THE PROBLEM: What are the lines, copied exactly, from the one containing "Trademark The beginning" through the final line of the material? Leave the pictures out.

*** INPUT DATA Section Begins ***

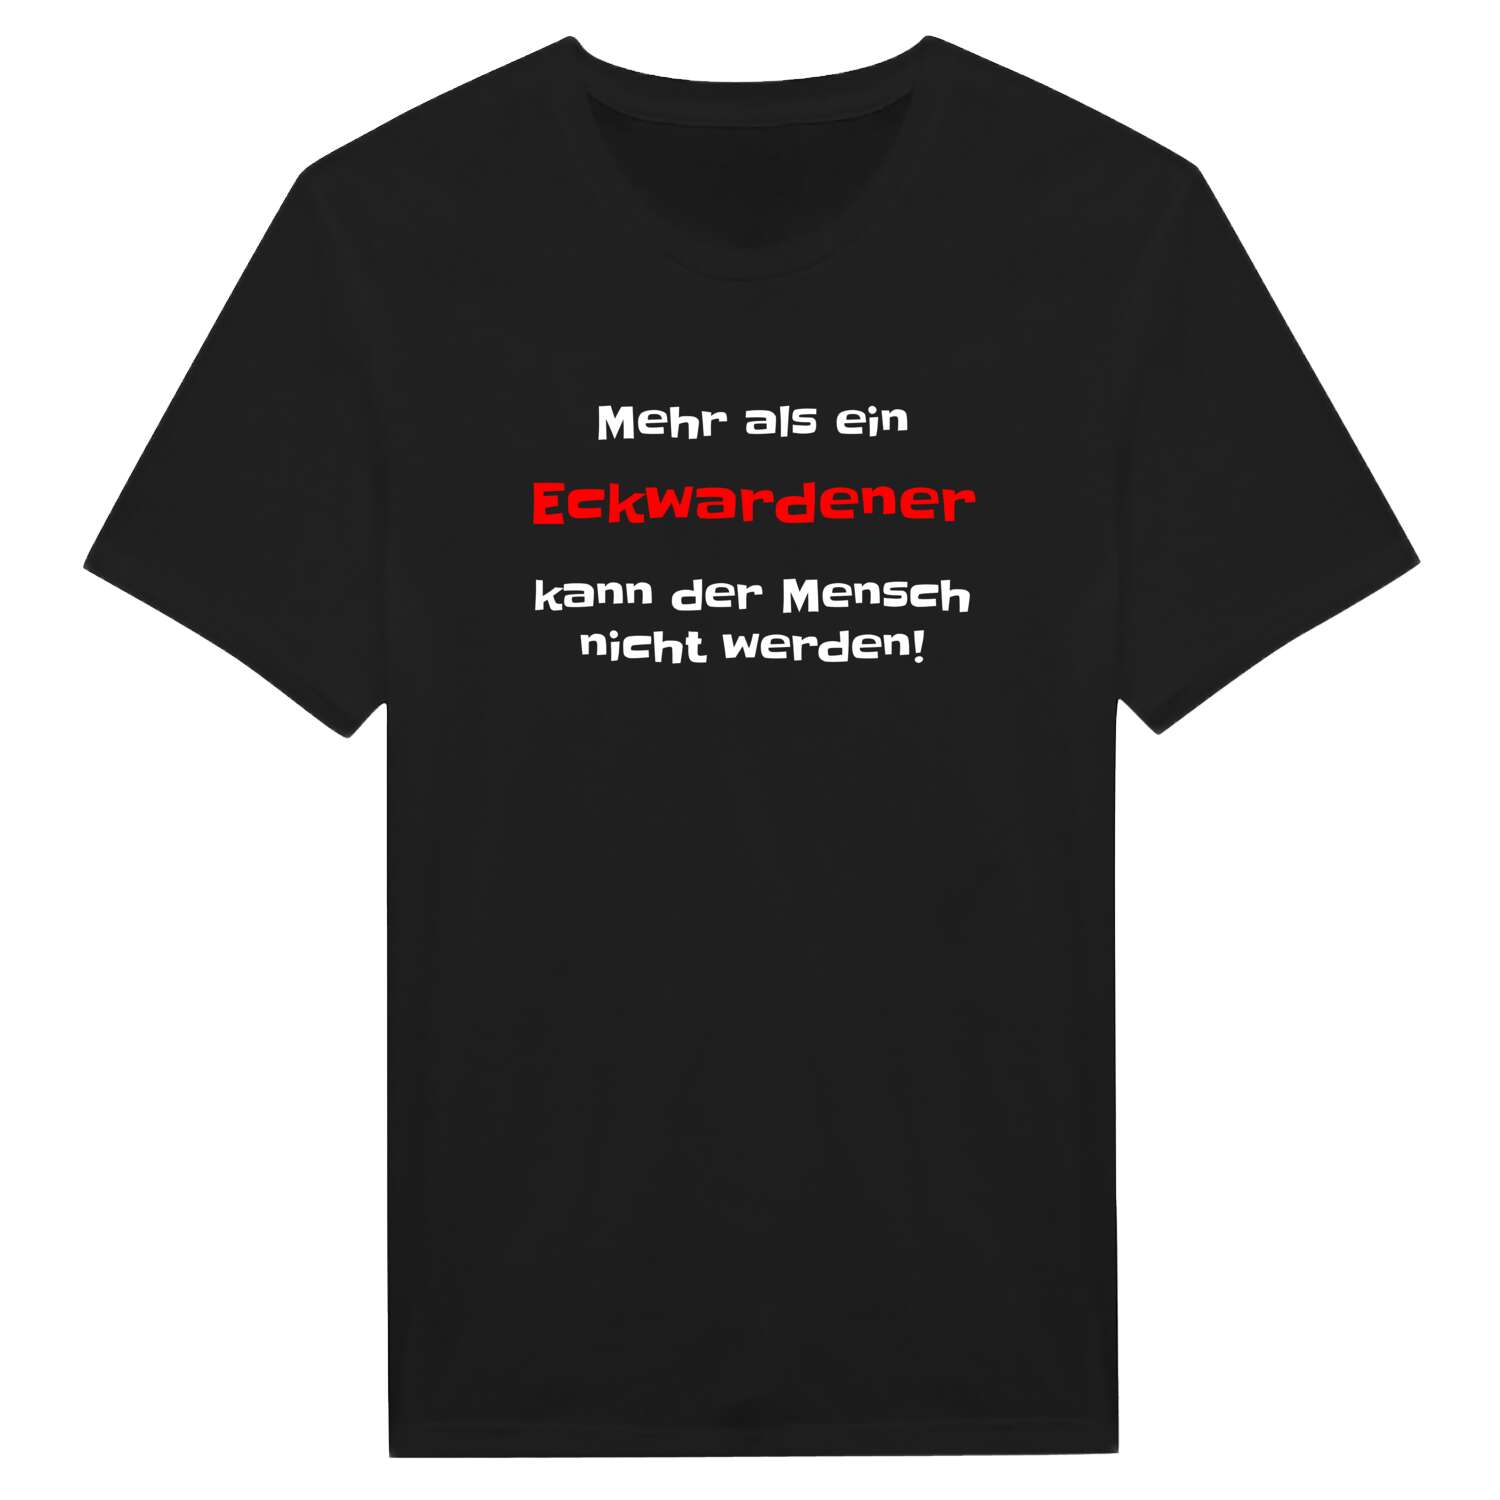 Eckwarden T-Shirt »Mehr als ein«
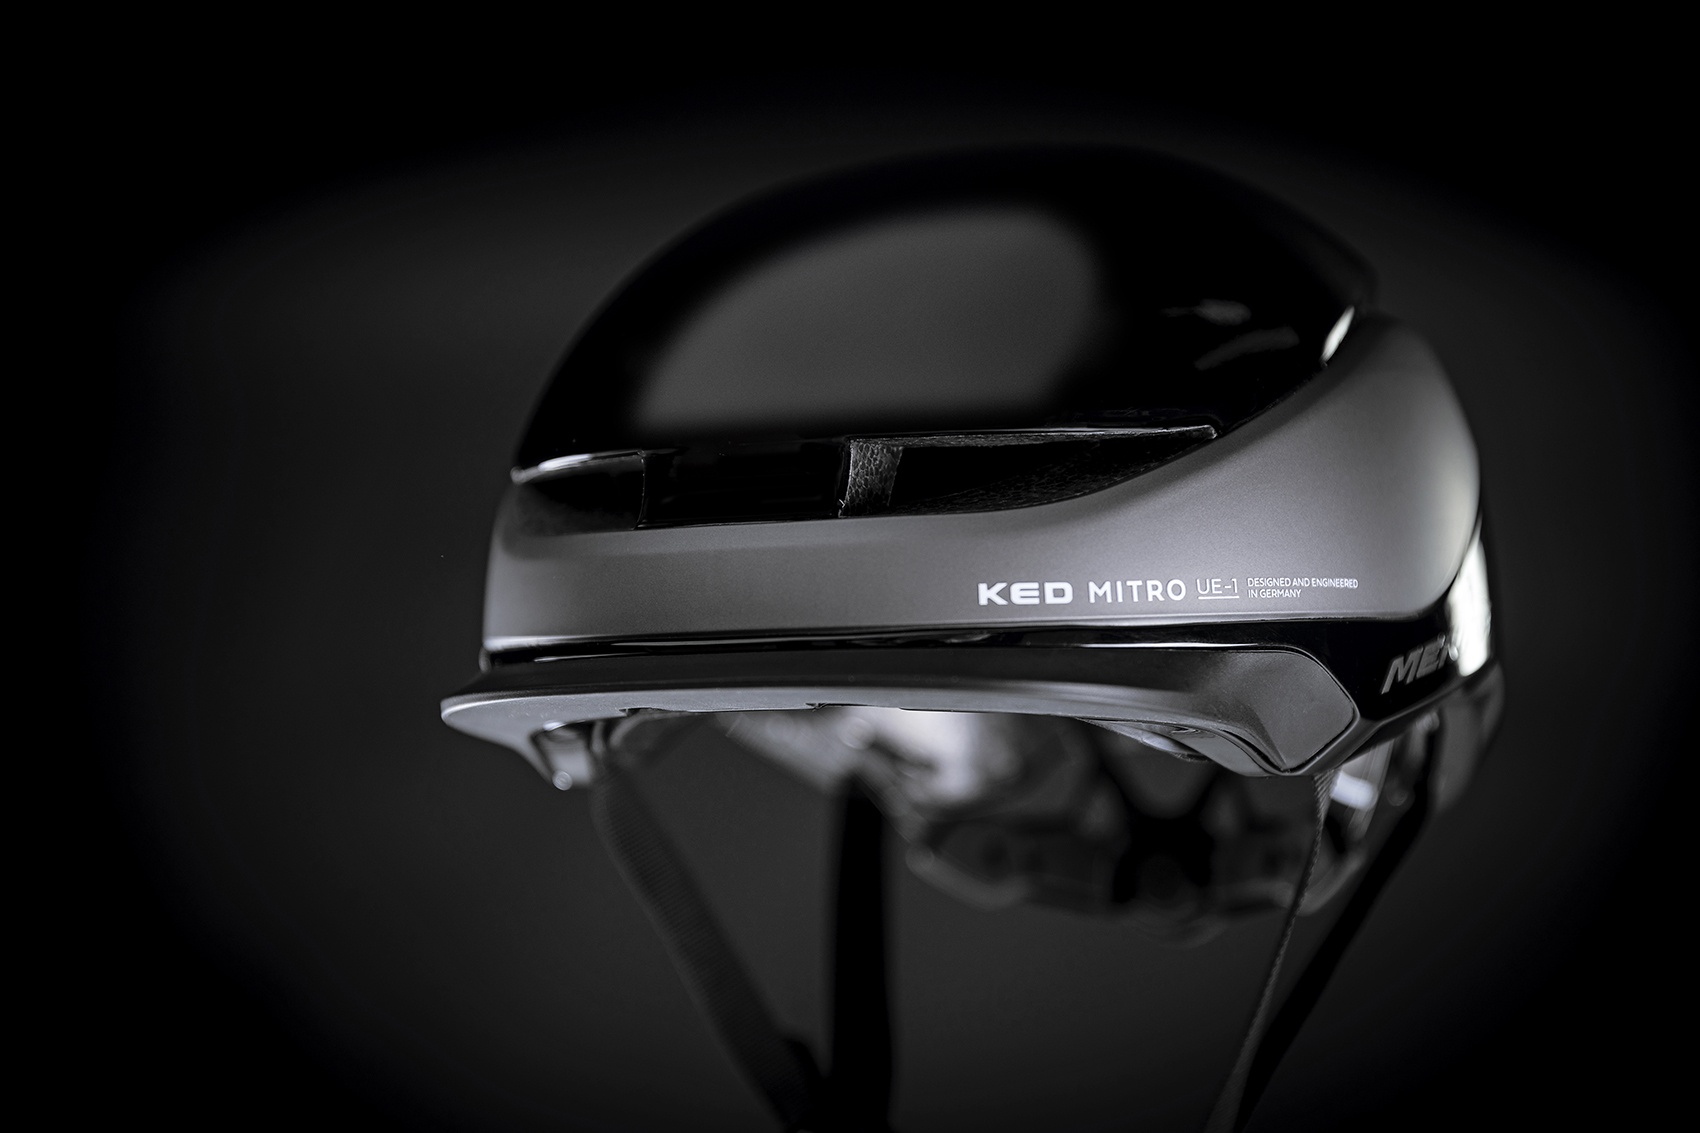 Trademark The beginning genius Merida lança novo capacete KED MITRO UE-1
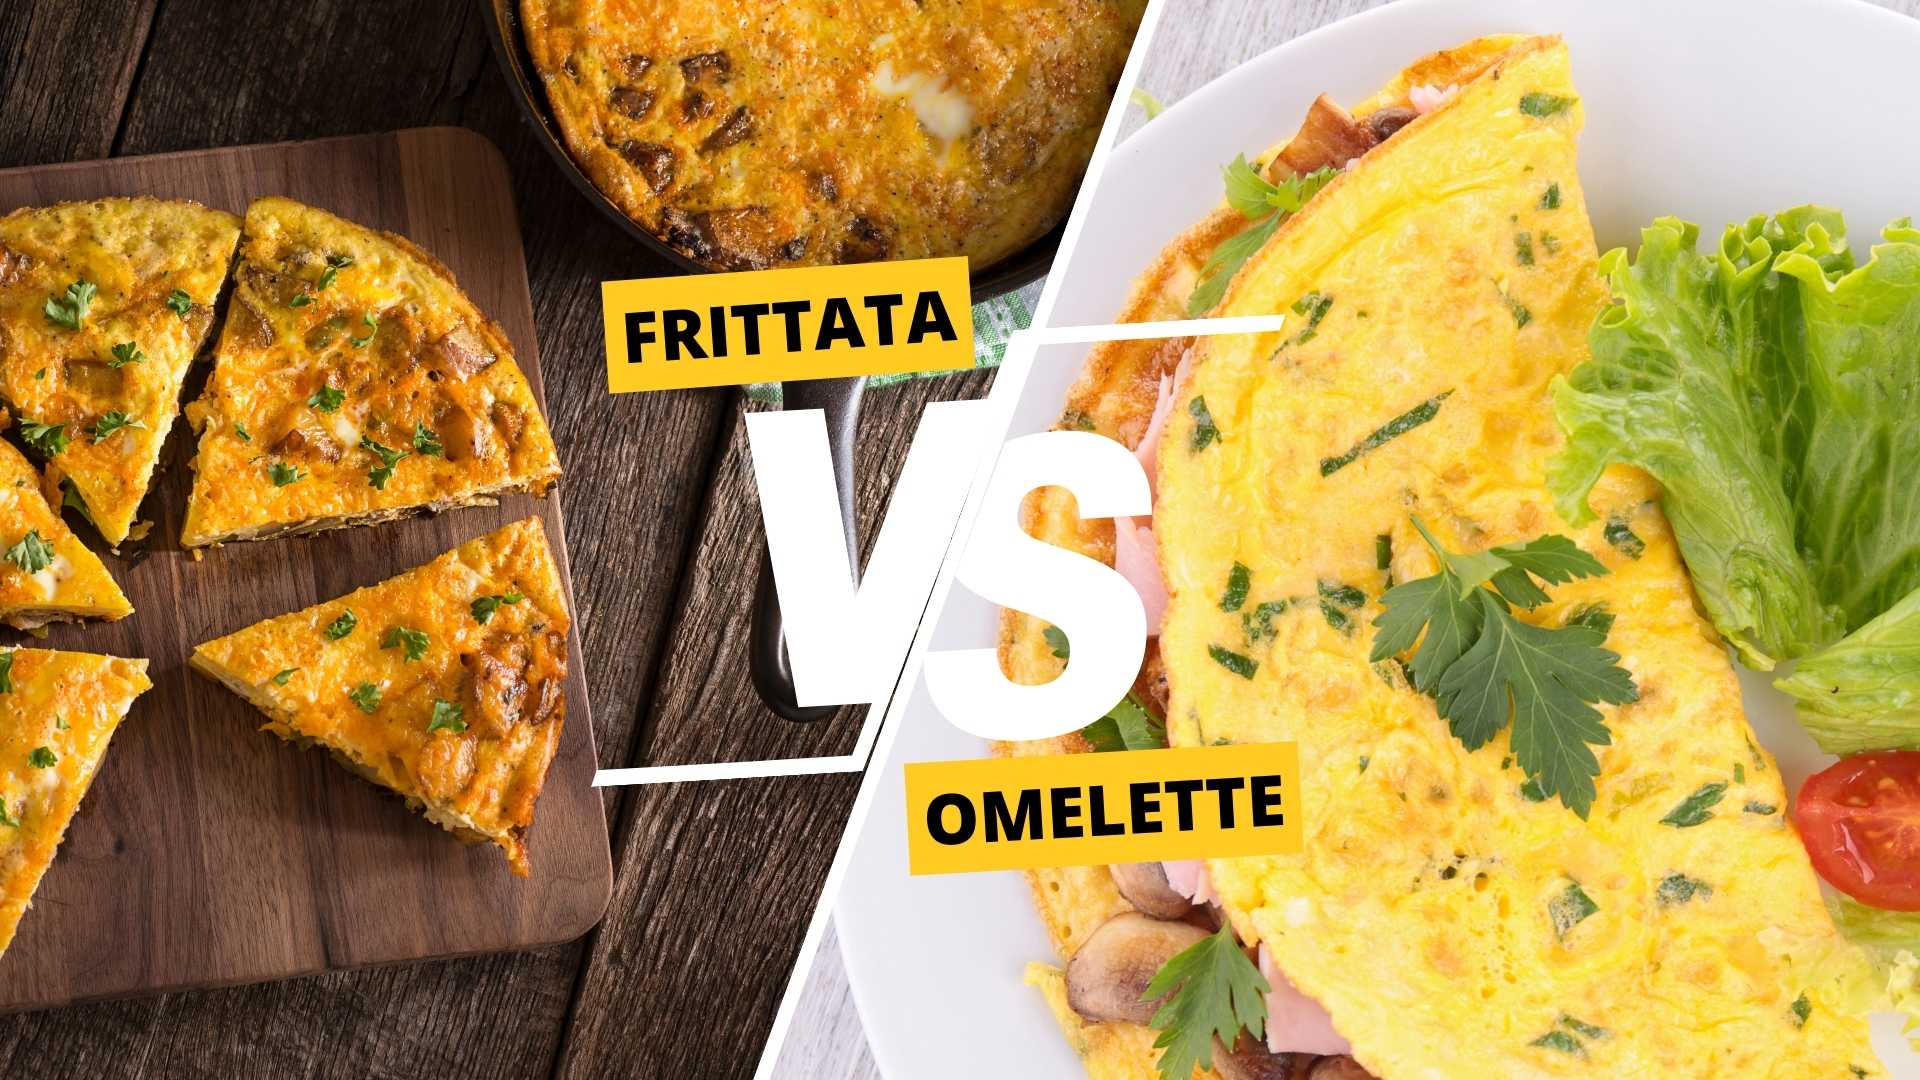 Frittata vs Omelette
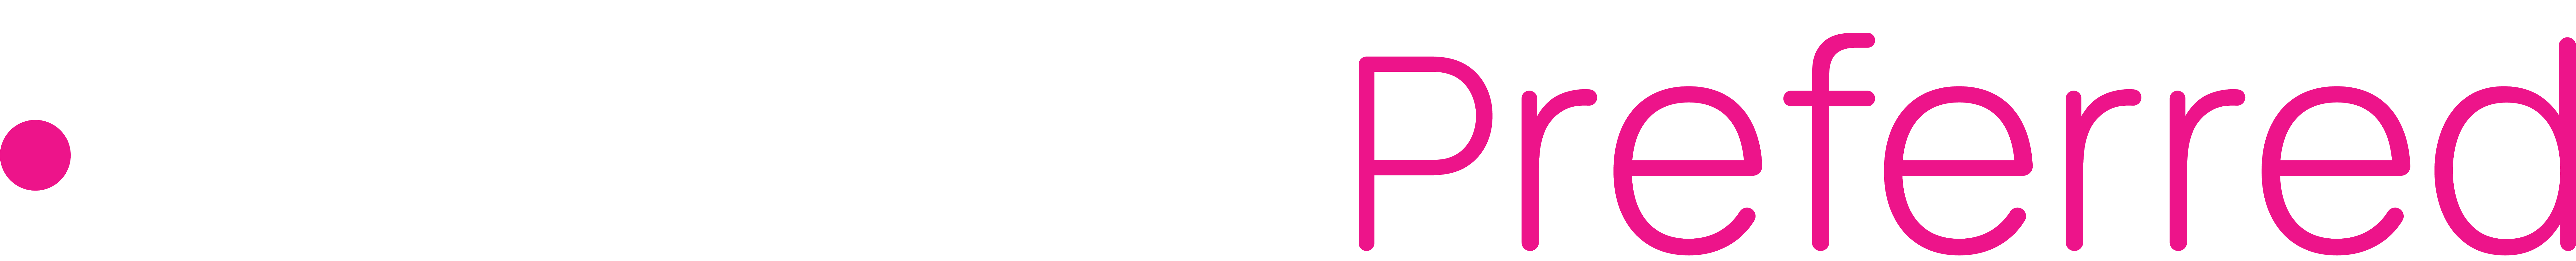 iSolved Logo

*** INPUT DATA Section Ends ***

EXERCISE RESPONSE:
 Trademark The beginning genius Merida lança novo capacete KED MITRO UE-1
 Frittata vs Omelette
 iSolved Logo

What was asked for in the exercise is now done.